My strategy has been similar to what we used to do in my calculus classes in college. I remember in one of the classes, we had to figure out whether an equation that spits out a series of numbers was convergent or divergent. If the equation is too complicated to figure that out, you can simplify the equation in such a way that you know it's either more or less likely than the original equation to be convergent or divergent. If you're testing for convergence, and you know your simplification is less likely to be convergent than the original equation, but it converges anyway, then you know your original equation is convergent.

Mr. Pruett also pointed out that I over-complicated part of my calculation. I could've just started with 10⁸⁰ atoms in the universe and figured out how many of them are carbon atoms, and gone from there.

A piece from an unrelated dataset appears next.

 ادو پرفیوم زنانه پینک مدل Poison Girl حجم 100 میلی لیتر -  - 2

I didn't have to talk about star types, habitable planets, lithospheres, etc.

Mr. Pruett made a good point I wish I had considered. I gave very generous time constraints on building proteins, but if I wanted to test de novo genes in already existing species, those appear to pop up pretty quickly in nature. The Cambrian Explosion only lasted maybe 30 million years, and lots of new genes (and their corresponding proteins) had to have come into existence during that short window of time. That's three orders of magnitude less time than my original 13.8 billion year estimate and two orders of magnitude less than my more restricted estimates of 1 to 5 billion years.

Mr. Pruett made an interesting psychological point. Suppose we calculated that it's nearly impossible for the universe to cough up certain functional proteins, but we went out in nature and discovered that they exist. It's unlikely that a biologist would say, "Wow, that's a miracle." It's more likely they would say, "I guess nature is more clever than we thought." When it comes to trying to figure out whether nature could do something on its own or whether it needs divine assistance, our worldview presuppositions are probably going to carry more weight than our calculations.

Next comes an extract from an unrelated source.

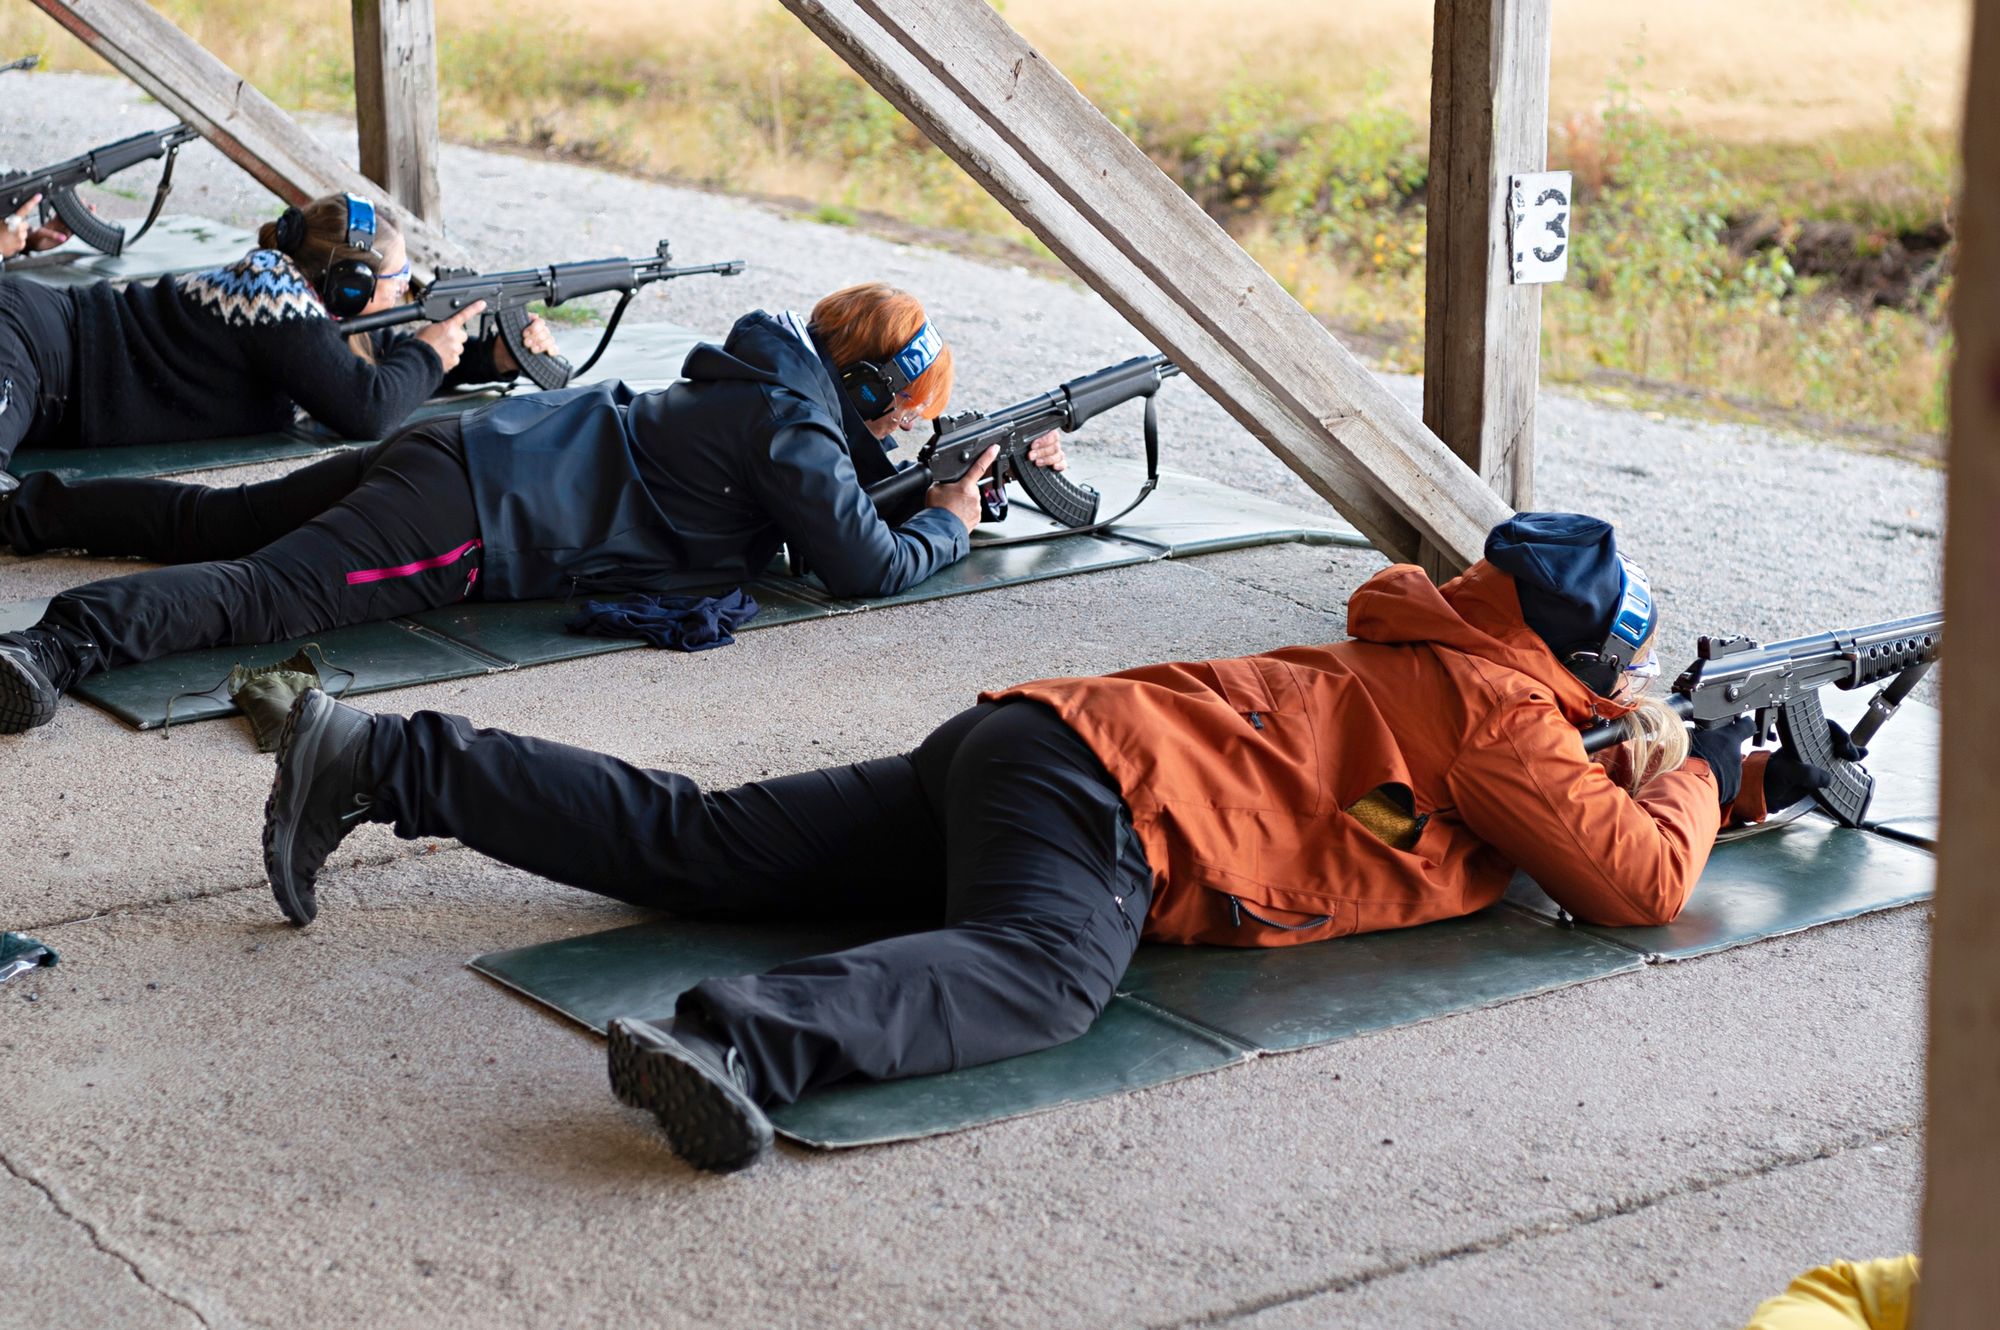 Maanpuolustus: ”Rynnäkkökiväärin käsittelyn ja oikean ampuma-asennon oppii nopeasti”, Minna Kuvaja kertoo. © Veijo Lindgren

I'm not saying necessaily that it shouldn't. After all, a person might have good reason for subscribing to their worldview. If I make some calculation that allows me to make a prediction about what I should expect to find in nature, and I go out in nature and find that things are very different, I probably should doubt the assumptions that went into my calculation. I mean that's how science works. You come up with a hypothesis, you make a prediction based on your hypothesis, and you test it by making observations to see if the prediction pans out.

I think what the protein evolution probability argument attempts to do is not test the assumptions that go into the calculation, but to test the worldview of naturalism. If you assume naturalism as part of your hypothesis, and you use various assumptions to make a calculation that predicts something about proteins, and you go out in nature and find out that your prediction was wrong, that is supposed to cast doubt, not on the assumptions that went into your calculation, but on the assumption of your worldview. Somebody who subscribes to naturalism who runs the same experiment and falsifies their prediction is going to questions the assumptions that went into their calculation rather than their naturalistic worldview. And maybe they should. I don't know. I guess at that point it depends whether you're more sure about your worldview or you're more sure about the assumptions that went into your calculations, not to mention your confidence in entering them in your calculator correctly.

Anyway, thank you for joining me on this journey. It's been interesting for me.